Internal workings of libcbor are mostly derived from the specification. The purpose of this document is to describe technical choices made during design & implementation and to explicate the reasoning behind those choices.

Terminology

MTB

Major Type Byte

https://www.rfc-editor.org/rfc/rfc8949.html#section-3.1

DST

Dynamically Sized Type

Type whose storage requirements cannot be determined

during compilation (originated in the Rust community)

Conventions

API symbols start with cbor_ or CBOR_ prefix, internal symbols have _cbor_ or _CBOR_ prefix.

General notes on the API design

The API design has two main driving principles:

  1. Let the client manage the memory as much as possible

  2. Behave exactly as specified by the standard

Combining these two principles in practice turns out to be quite difficult. Indefinite-length strings, arrays, and maps require client to handle every fixed-size chunk explicitly in order to

  • ensure the client never runs out of memory due to libcbor

  • use realloc() sparsely and predictably [1]

    • provide strong guarantees about its usage (to prevent latency spikes)

    • provide APIs to avoid realloc() altogether

  • allow proper handling of (streamed) data bigger than available memory

Coding style

This code loosely follows the Linux kernel coding style. Tabs are tabs, and they are 4 characters wide.

Memory layout

CBOR is very dynamic in the sense that it contains many data elements of variable length, sometimes even indefinite length. This section describes internal representation of all CBOR data types.

Generally speaking, data items consist of three parts:

type cbor_item_t

Represents the item. Used as an opaque type

cbor_type type

Type discriminator

size_t refcount

Reference counter. Used by cbor_decref(), cbor_incref()

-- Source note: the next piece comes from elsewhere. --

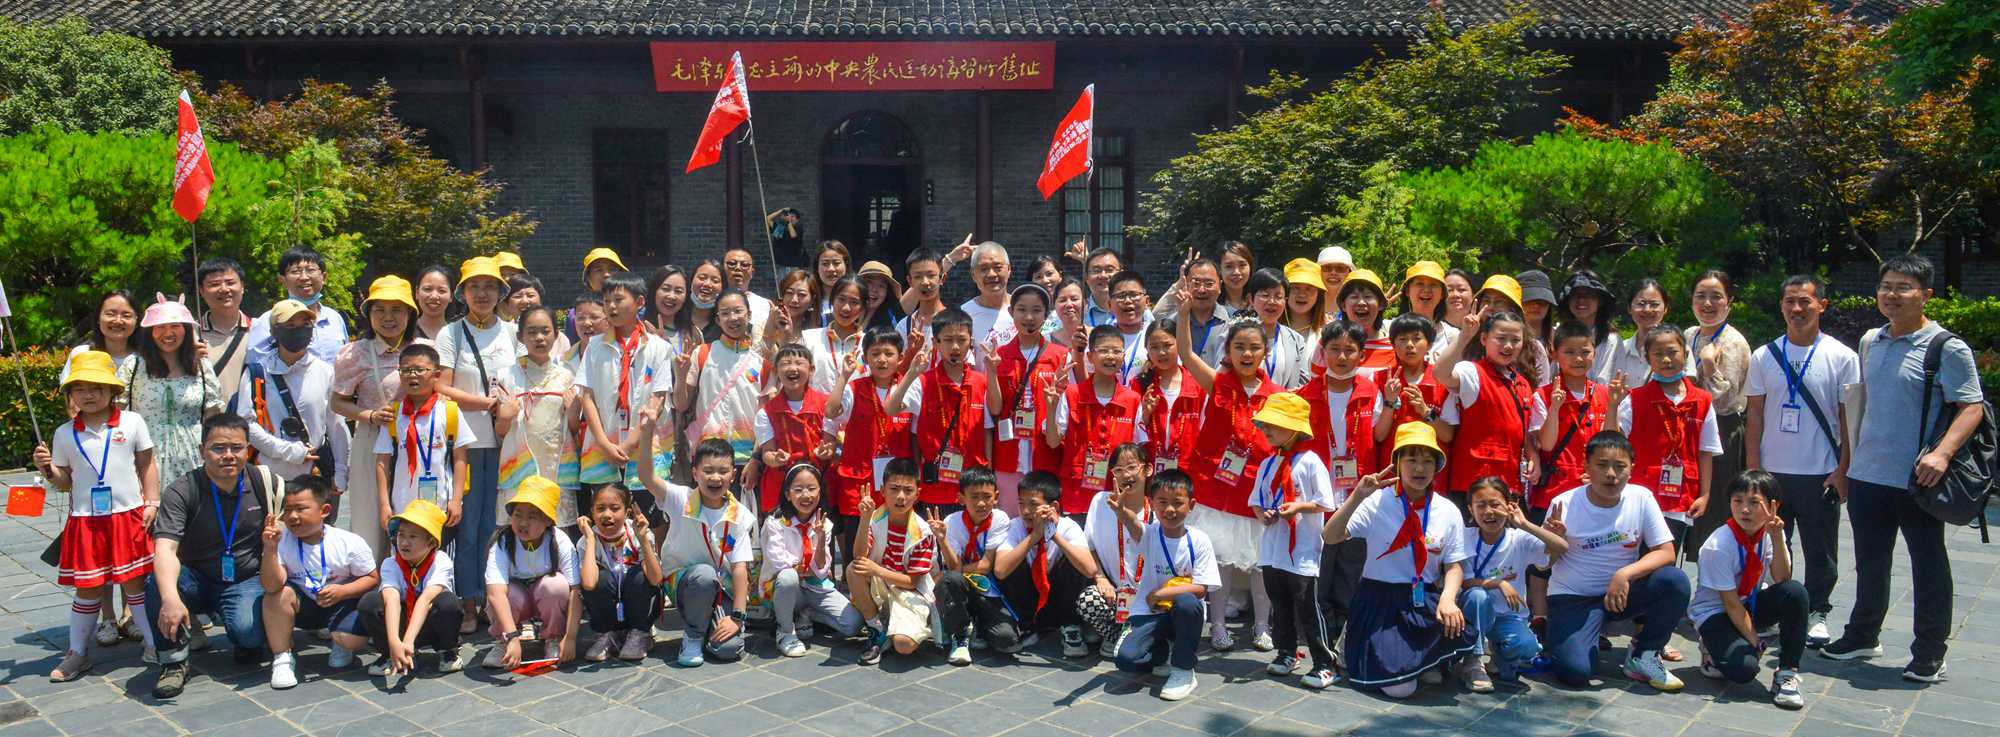 感受长江文化魅力 “长江的孩子”来武汉研学度“六一”

union cbor_item_metadata metadata

Union discriminated by type. Contains type-specific metadata

unsigned char *data

Contains pointer to the actual data. Small, fixed size items (Types 0 & 1 – Positive and negative integers, Type 6 – Semantic tags, Type 7 – Floats & control tokens) are allocated as a single memory block.

Consider the following snippet

cbor_item_t * item = cbor_new_int8();

then the memory is laid out as follows

+-----------+---------------+---------------+-----------------------------------++-----------+
|           |               |               |                                   ||           |
|   type    |   refcount    |   metadata    |              data                 ||  uint8_t  |
|           |               |               |   (= item + sizeof(cbor_item_t))  ||           |
+-----------+---------------+---------------+-----------------------------------++-----------+
^                                                                                ^
|                                                                                |
+--- item                                                                        +--- item->data

Dynamically sized types (Type 2 – Byte strings, Type 3 – UTF-8 strings, Type 4 – Arrays, Type 5 – Maps) may store handle and data in separate locations. This enables creating large items (e.g byte strings) without realloc() or copying large blocks of memory. One simply attaches the correct pointer to the handle.

type cbor_item_metadata

Union type of the following members, based on the item type:

struct _cbor_int_metadata int_metadata

Used both by both Types 0 & 1 – Positive and negative integers

struct _cbor_bytestring_metadata bytestring_metadata
struct _cbor_string_metadata string_metadata
struct _cbor_array_metadata array_metadata
struct _cbor_map_metadata map_metadata
struct _cbor_tag_metadata tag_metadata
struct _cbor_float_ctrl_metadata float_ctrl_metadata

Decoding

As outlined in API, there decoding is based on the streaming decoder Essentially, the decoder is a custom set of callbacks for the streaming decoder.